Figure 4 graphically illustrates the effectiveness of a model for classification by illustrating the relationship between true and false positive rates. In the context of our CVD project, the ROC curve represents the effectiveness of our model in distinguishing between positive (indicating the existence of CVD) and negative cases (indicating the nonexistence of CVD). An ROC curve that leans towards the top-left corner specifies strong performance. Figure 4 depicts a close-up visualization of how well the model is performing at training. Figure 4a shows the ROC curve, reflecting the capability of the model to separate positive (CVD present) and negative (CVD absent) instances. An ROC curve pointing towards the top-left corner shows high classification performance. Figure 4b illustrates the training and validation set accuracy curves versus epochs. Optimally, training and validation accuracy would rise simultaneously, indicating that the model is learning successfully without overfitting. Figure 4c shows the training and validation curves of loss. A consistent drop and both losses converging to lower values are a sign of successful model training. Small oscillations seen in the validation curves are unavoidable due to variability in the dataset but do not indicate significant overfitting. In general, the accuracy and loss curve trends validate that the DenseNet-based model had good generalization to unseen data. The training (0.068) to validation (0.315) log loss difference indicates minor overfitting, with the model performing well with training data but poorly with new data. We applied methods such as dropout, data augmentation, and class balancing to minimize overfitting. Minor class imbalance could also influence validation performance.
The fluctuations in Figure 4b,c are common in deep learning training sessions. Minor variations in validation accuracy in Figure 4b are as a result of the model adjusting to various validation samples during each epoch. The same can be seen in Figure 4c where fluctuations in validation loss are produced due to overfitting habits and dataset variability. These oscillations are normal, particularly with the use of real-world or small-sized datasets. In Figure 4b, Accuracy on the Y-axis varies between 0 and 1. In Figure 4c, Loss on the Y-axis is a unitless scalar based on the cross-entropy loss function. The units have been specifically included in the Y-axis labels and figure captions in the revised version for greater clarity. Figure 4b,c show various performance metrics of the identical model: accuracy and loss, respectively. Though related, they do not always have perfectly aligned trends. For example, the loss function reflects the confidence in predictions, while accuracy reflects the number of correct classifications. Figure 4d shows an insightful analysis of our model’s forecasts across various classes.
We also tested the model on a separate test dataset that was not used during training or validation to ensure it performed well on new data. To represent unbiased performance, the confusion matrix, created solely from the test set (n = 119), is shown in Figure 5d. This same test split is used to determine the classification metrics in Table 1, guaranteeing consistency. As shown in Figure 5, the model achieved strong and balanced results, confirming its ability to make accurate predictions in practical, real-world situations.

6. Comparative Evaluation

To establish a better comparison of how well the model suggested performs, a comparison was made. This section summarizes earlier approaches and compares the results of the model with other well-known CNN structures.

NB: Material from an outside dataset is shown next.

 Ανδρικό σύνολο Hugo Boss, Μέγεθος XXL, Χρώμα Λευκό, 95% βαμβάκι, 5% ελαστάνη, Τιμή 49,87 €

6.1. Comparison with Existing Methods

In order to examine whether this DenseNet-based model outperforms other competing techniques, we conduct a critical benchmarking experiment on the publicly available datasets. Table 2 presents a comparison based on different parameters for every model. These outcomes underscore the usefulness of DenseNet architecture in improving CVD, illustrating how advanced deep learning techniques can significantly advance medical diagnostics and patient management.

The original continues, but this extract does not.